XXXV.

Trente tambours voilés, trente clairons pavoises de deuil marchent à la tête de l’immense cortège ; les tambours, par instants, font entendre un roulement lugubre, qui se prolonge et meurt ; le cri clair du clairon est navrant.

Des détachements, très-nombreux, de tous les bataillons viennent ensuite ; on marche avec lenteur, les fusils vers la terre ; il y a des immortelles à toutes les boutonnières, les immortelles sont rouges. Est-ce une manifestation d’un sentiment politique ? Est-ce un symbole de la mort sanglante ?

Puis s’avance, traîné par quatre chevaux noirs, un vaste char, drapé de noir, recouvert en catafalque de velours noir lamé d’étoiles d’argent ; aux quatre coins flottent au vent les sombres drapeaux rouges.

Un autre char paraît, un autre, un autre encore ; dans chacune des voitures mortuaires, il y a trente-deux cadavres.

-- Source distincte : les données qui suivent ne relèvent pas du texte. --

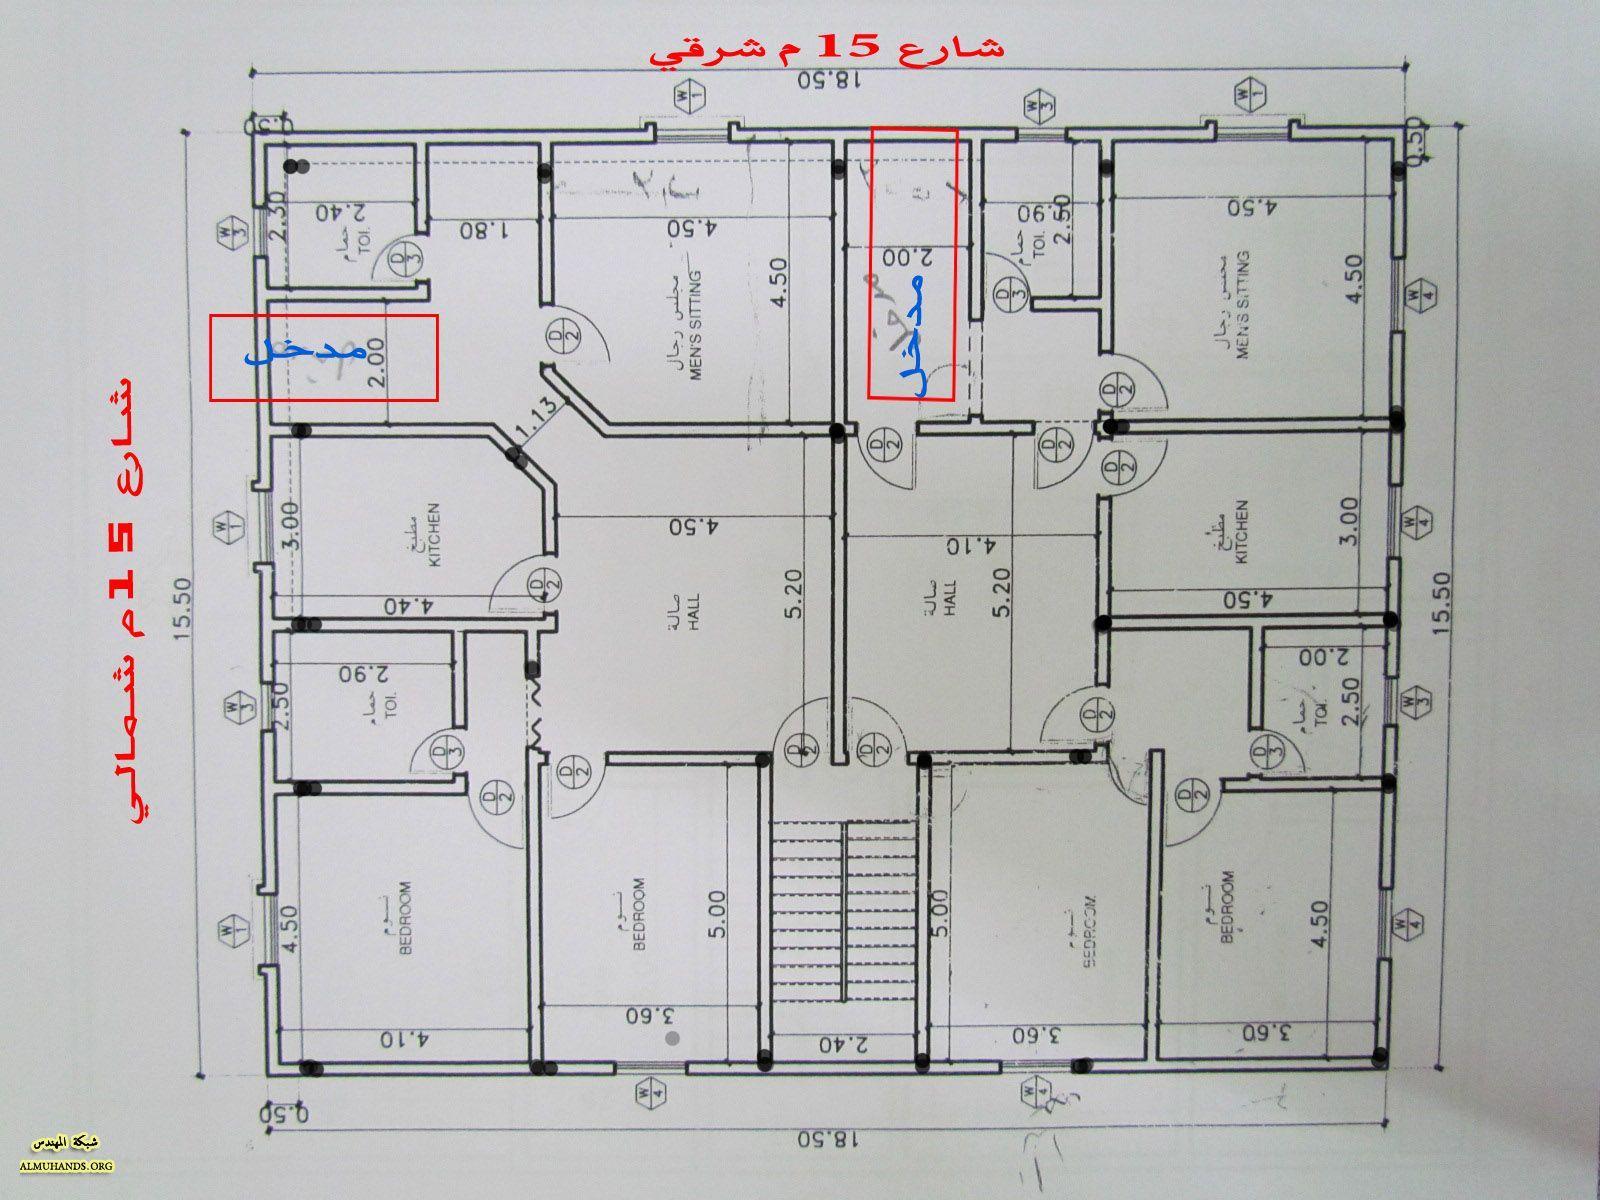 هذا المخطط بين يديكم فأفيدوني جزاكم الله خيرا فتح شقتين على بعض منتديات شبكة المهندس 20x30 House Plans How To Plan House Plans

Derrière les chars marchent des membres de la Commune, la tête nue, ceints d’une écharpe rouge. Hélas ! du rouge toujours.

Enfin, entre une double haie infinie de gardes nationaux, se resserre une foule démesurée d’hommes, de femmes, d’enfants, recueillis, tristes, quelques-uns en pleurs.

Le long cortége suit les boulevards. Il vient de l’hospice Beaujon, il va au Père-Lachaise ; sur son passage toutes les têtes sont nues. Un homme, à une fenêtre, garde son chapeau ; on le hue ; il se découvre. Honte à qui ne salue pas ceux qui sont morts pour une cause qu’ils croyaient juste ! Ne pensez plus, devant ces cadavres qu’on emporte, au mal causé par les hommes qu’ils furent ; ils sont morts, ils sont sacrés. Mais songez, — oh ! à cela, songez-y ! — que c’est au crime de quelques-uns qu’est due la mort d’un si grand nombre, et hâtez de tous vos vœux l’heure où s’appesantira sur les coupables, quels qu’ils soient, à quel parti qu’ils appartiennent, l’inexorable vindicte qui précipite les destinées humaines.